This is national Turn-Off-Your-TV-Set Week, and I’m going to write

about it for three reasons. First, being a bleeding heart liberal, I’m

usually for the underdog; and for this week, at least, TV is taking a

beating. Second, I feel a dedicated newspaper should offer a wide range

of views, and since Steve Smith has already offered the case for turning

off, I feel the need to provide a little balance. And, third -- and most

important -- while prowling through a pile of debris on my desk the other

day, I ran across a video of “Kukla, Fran and Ollie” that my oldest

daughter gave me several Christmases ago. That was the clincher.

“Kukla, Fran and Ollie” set a multiple-level nightly example of grace

and humanity for almost a decade while entertaining my three young

children and their parents. Kukla was a gentle clown, Ollie a boastful

dragon, and Fran was their pal, who stood beside their puppet stage and

talked with them as fellow humans five nights a week. When puppeteer Burr

Tilstrom died, it was like a death in our family. To have deprived my

children -- and my wife and me -- of the delight and affirmation of life

this TV show brought into our home would have been downright

unpardonable.

Now I have no quarrel with the multiple studies about the deplorable

things television can do to our children. I doubt neither the statistics

nor the authority for them. My problem is that the positive side of TV is

being ignored in order to make a case for national TV Turnoff. What

Turnoff Week does is remove discipline and judgment from the equation.

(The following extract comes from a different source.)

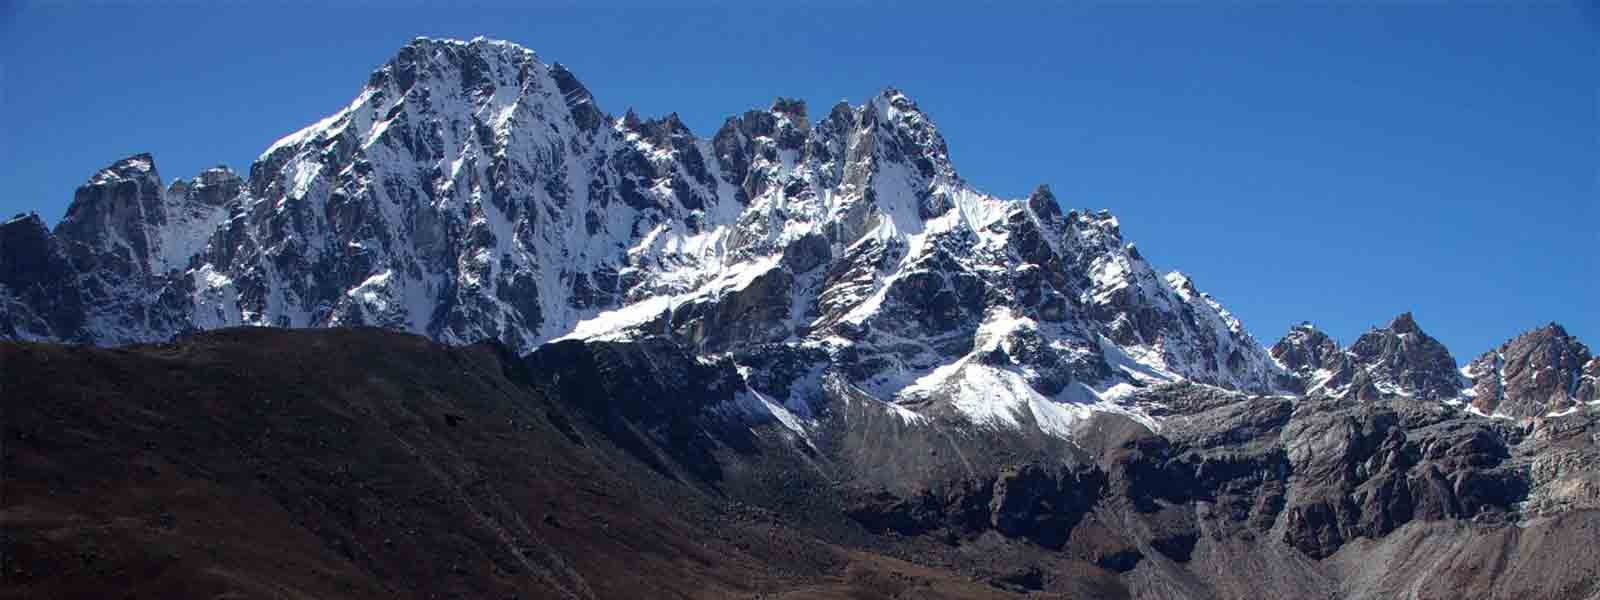 Phari Lapcha Peak

We

had rules. My kids couldn’t watch TV until their homework was done, and

we limited both what they watched and how long they spent watching it.

But the rules were flexible. They watched a nation sharing their grief

when John Kennedy was assassinated. They watched a man walking on the

moon. Rules were regularly bent for the World Series or a Broadway show

they knew and loved or the Academy Awards or for programs that spoke to

all of us -- like “Kukla, Fran and Ollie.”

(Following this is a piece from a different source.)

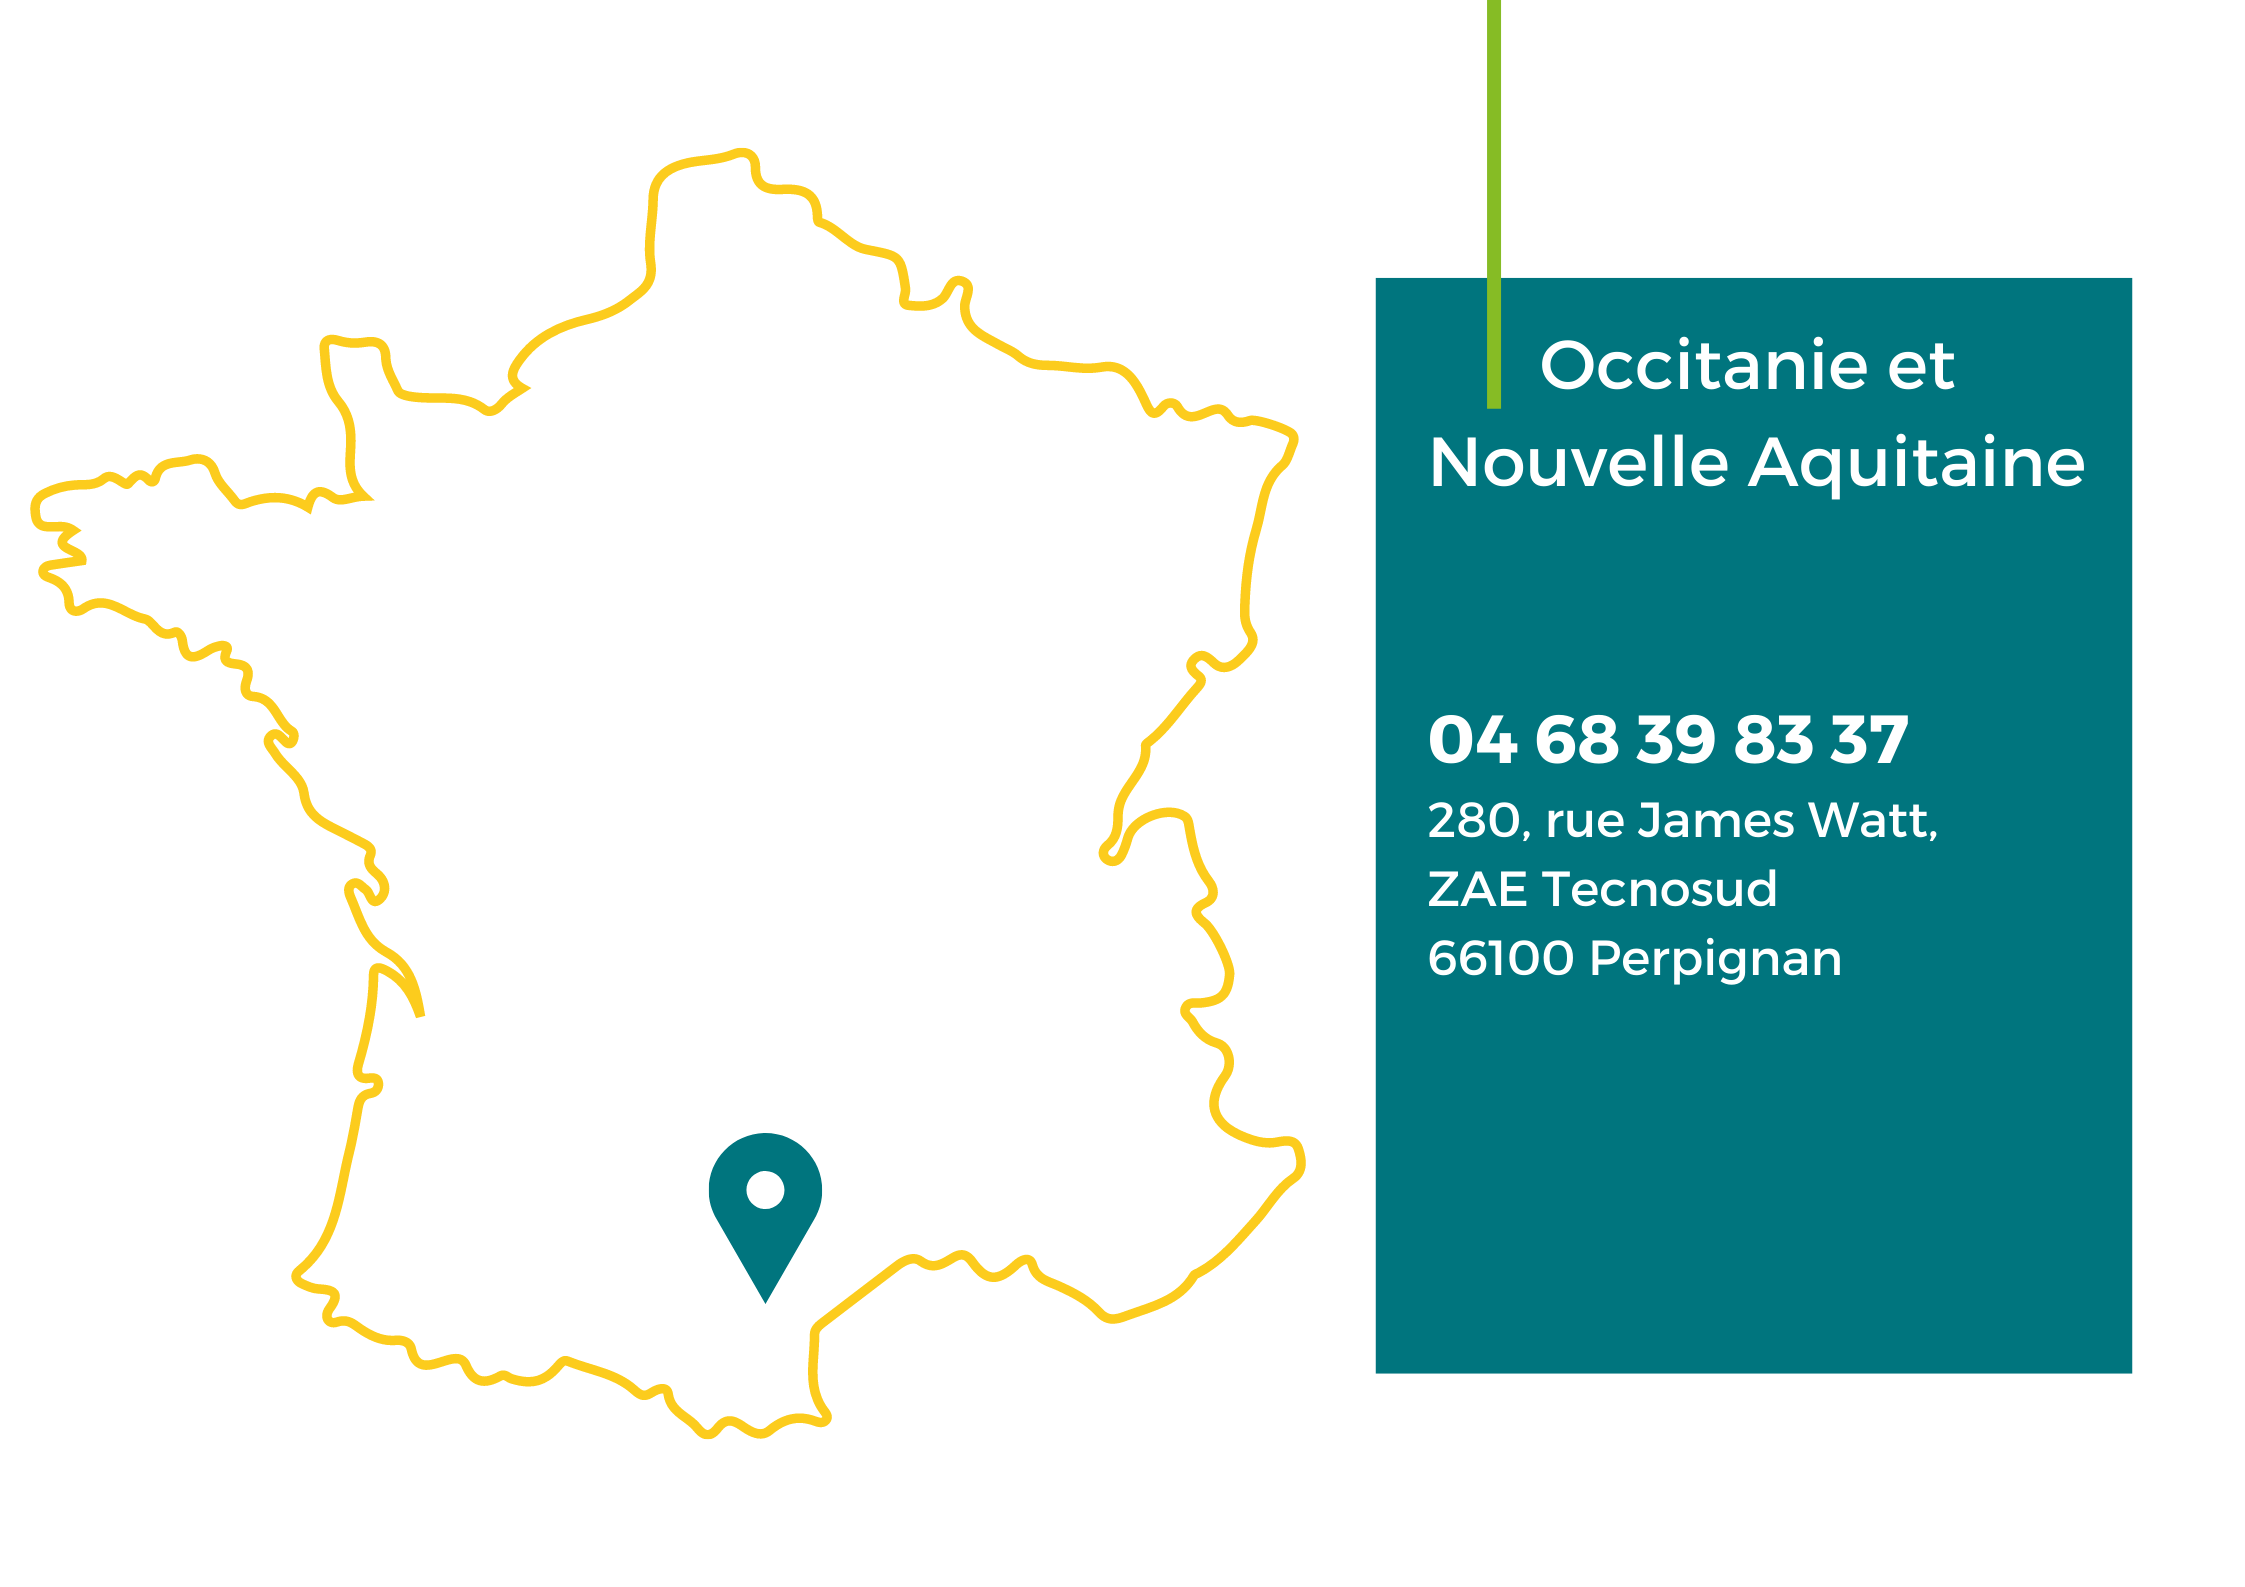 Contact Occitanie

The intent and -- I firmly believe -- the result of this approach was

to send them into adulthood with a sense of taste and critical judgment.

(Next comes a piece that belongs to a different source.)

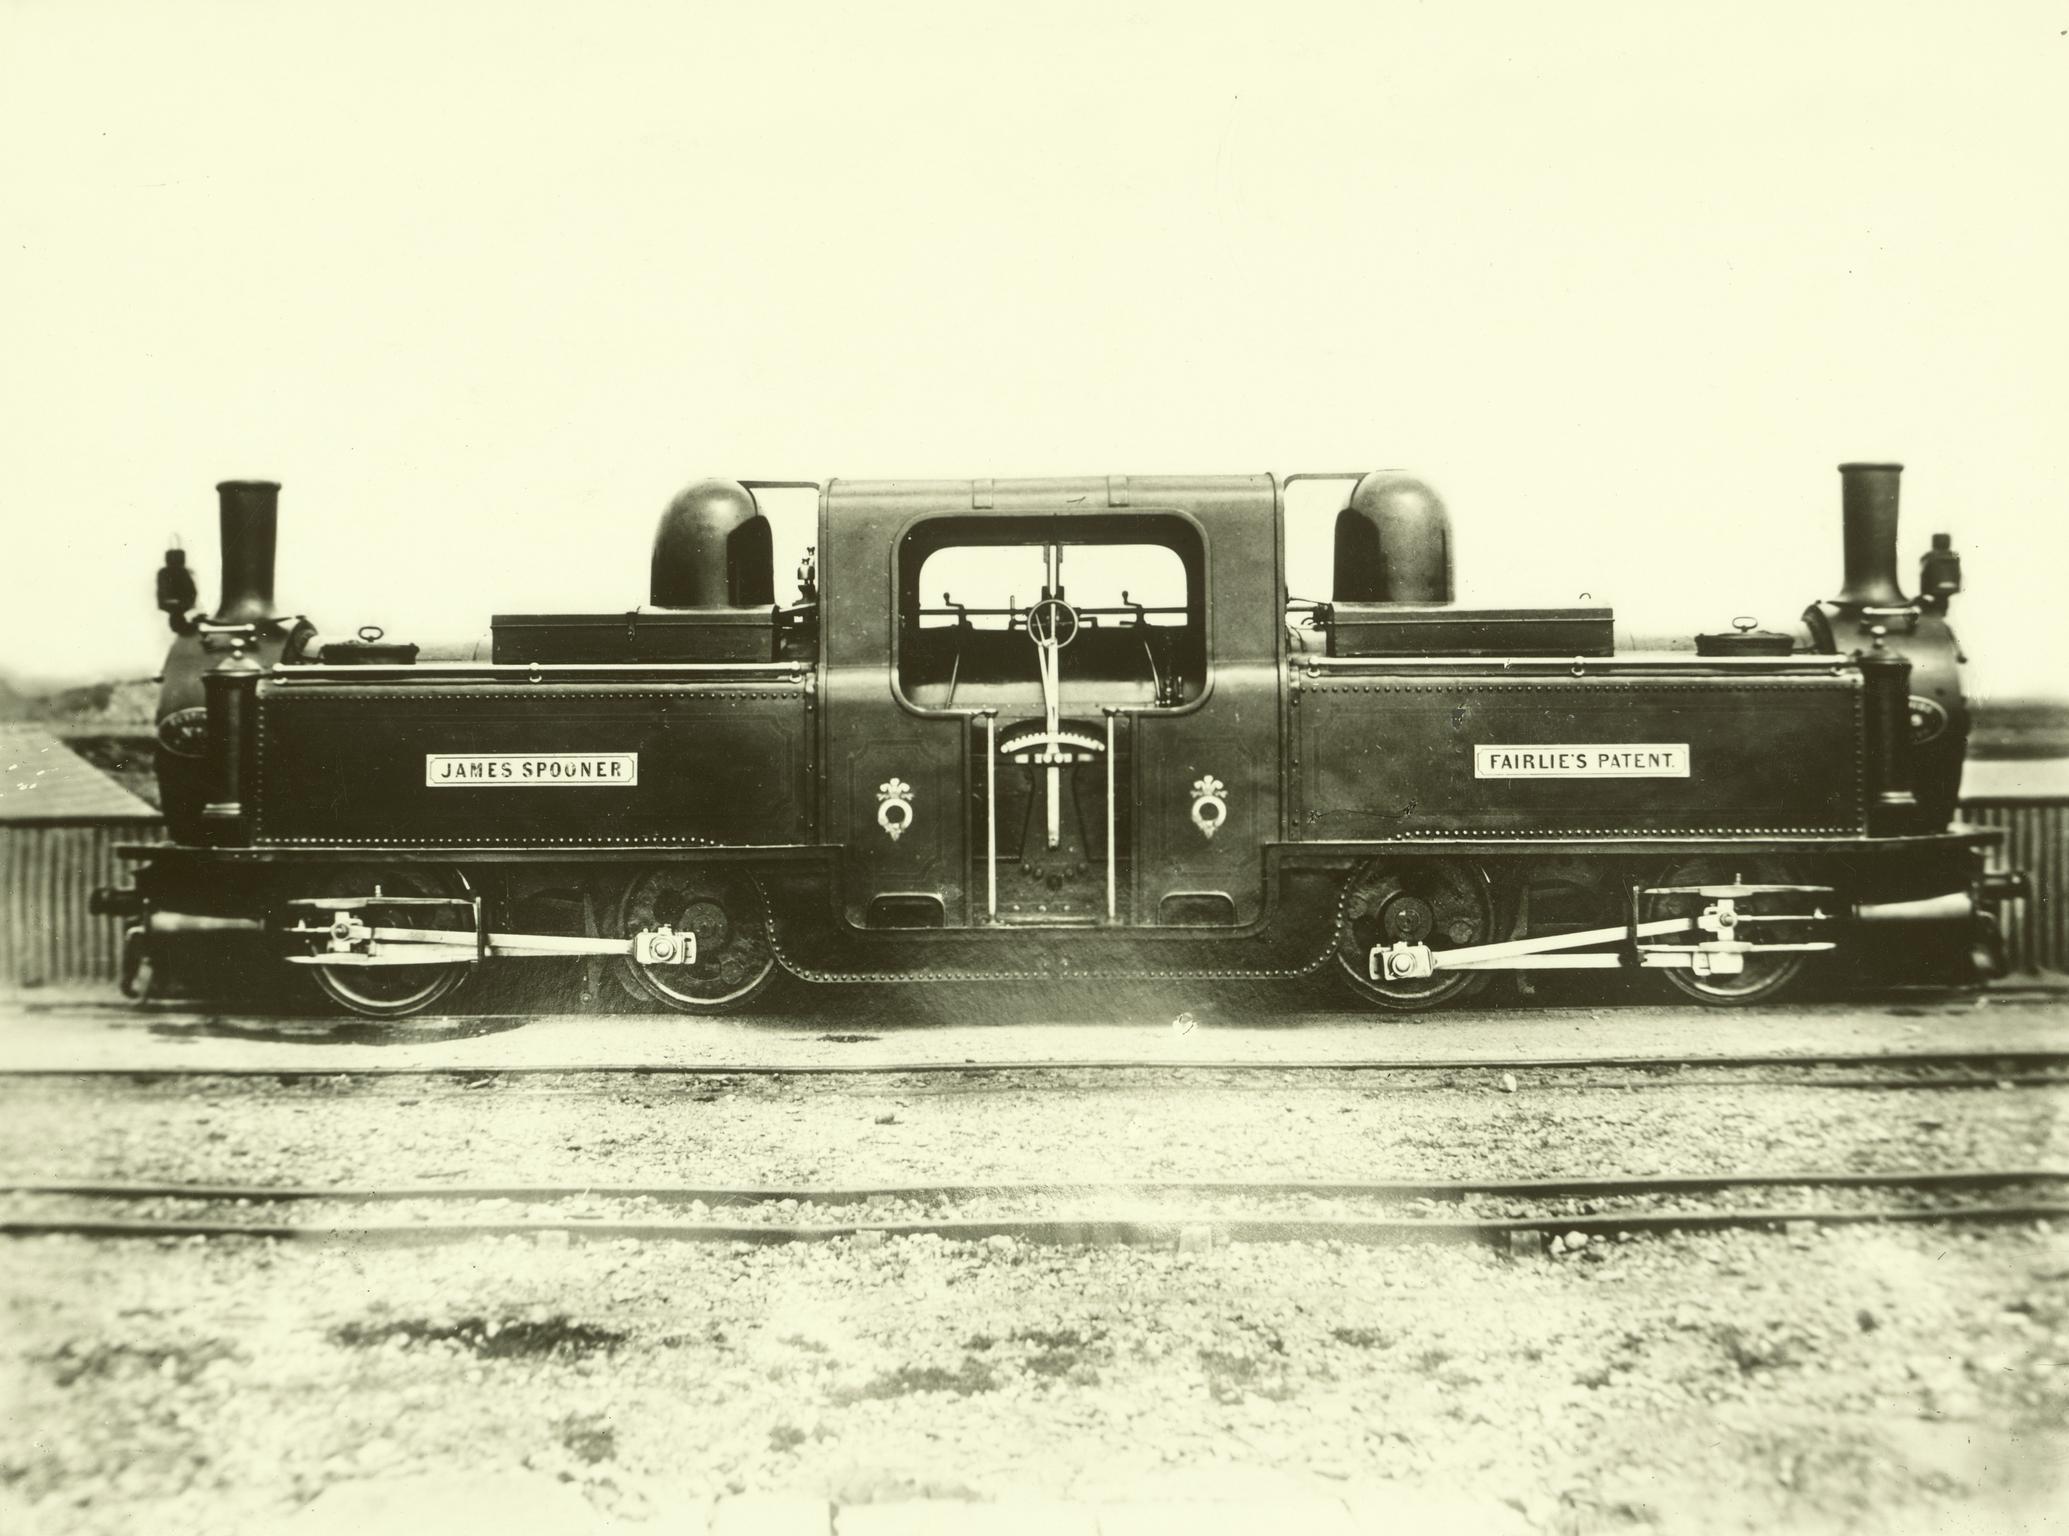 Festiniog Railway locomotive, photograph

They seldom watched trash on TV -- either at home or at someone else’s

home -- not because it was forbidden but because it bored them. They all

read avidly when they were growing up and still do. All of this was easy

because their parents had been raised with the same mind set. And the

same results.

Which brings me to the second big problem I have with Turnoff Week:

the sublimation of adult fare to the needs of children. Unless

specifically designed for children, mass media -- TV, radio, newspapers,

magazines -- is aimed at adults. Once again, the amount of rubbish, some

of it venal, is immense. But so is the good stuff. And the same rules of

discipline and judgment prevail.

But this doesn’t mean that adult programs should be excised or diluted

because they are inappropriate for children. If this sounds like a double

standard, it is. I want adult art and entertainment judged on its own

merits and not attacked solely because parents don’t have the good sense

or determination to deny it to their children. Adults, whether they have

earned it or not, don’t operate within the same set of restrictions as

children -- nor should they.

Author and critic John Leonard was making a similar point in the Los

Angeles Times last week when he praised commercial TV as “weirdly

democratic, multicultural, utopian, quixotic and rather more welcoming of

difference and diversity than the audience watching it.”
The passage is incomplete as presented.